Finally, the choice of clustering algorithm can have a significant impact on the type and number of derived subgroups. Whilst the clustering algorithms in this study were not quantitatively compared, k-means clustering was selected for further analysis as it derived the most stable clusters.

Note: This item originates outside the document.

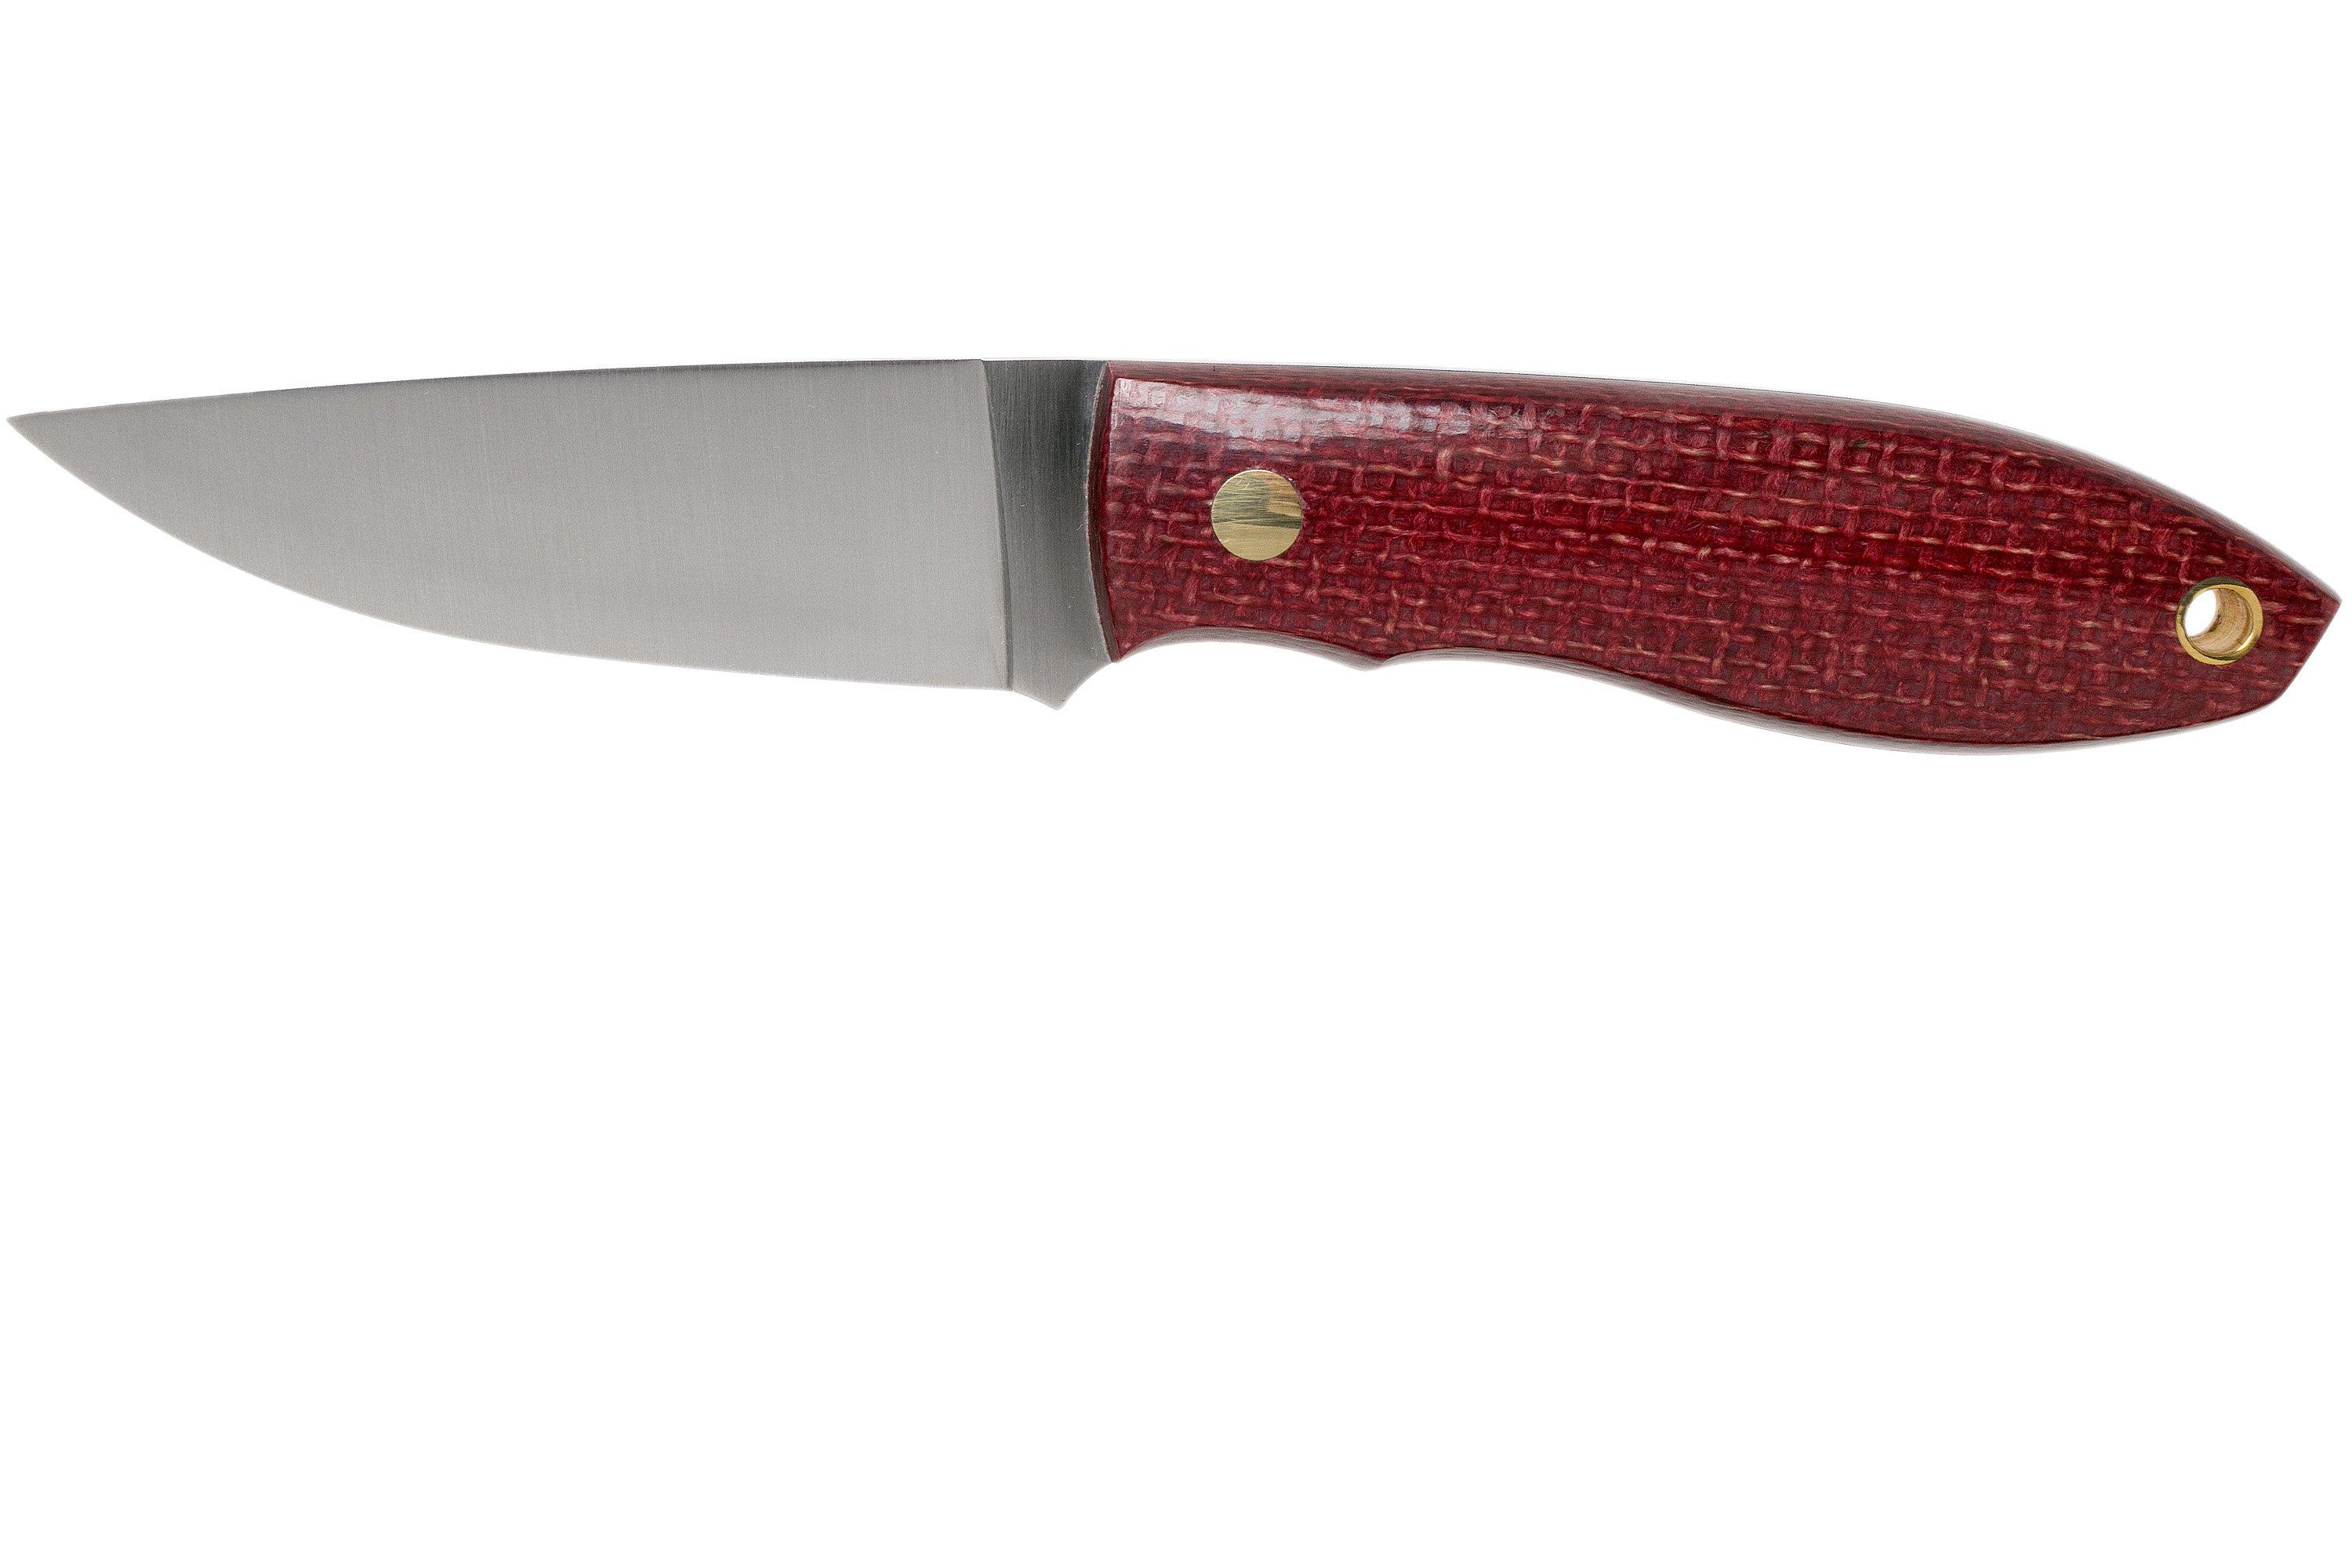 NKD2030 01 Nordic Knife Design

A limitation of the study is the relatively sparse patient characterisation, which predominantly comprised categorical variables and included minimal laboratory and echocardiographic data and, therefore, limited the reliability of the HFpEF diagnosis. Additionally, variables were selected according to clinical practice prior to clustering, which, while similar to previous studies, may limit the ability of the unsupervised machine learning algorithms to identify novel clusters. External validation was also not performed. Future studies should aim to perform externally validated cluster analyses on highly characterised, multimodal data, including deep clinical phenotyping, imaging, multi-omics and electronic health record data, at scale. The United Kingdom HFpEF Registry (UK HFpEF; NCT05441839 https://www.ukhfpef.org/) is a UK national initiative that aims to do just that. Other limitations are described earlier.

Conclusions

Through applying unsupervised machine learning techniques to routinely collected electronic health record data, this study identified phenogroups with distinct clinical characteristics and unique survival profiles.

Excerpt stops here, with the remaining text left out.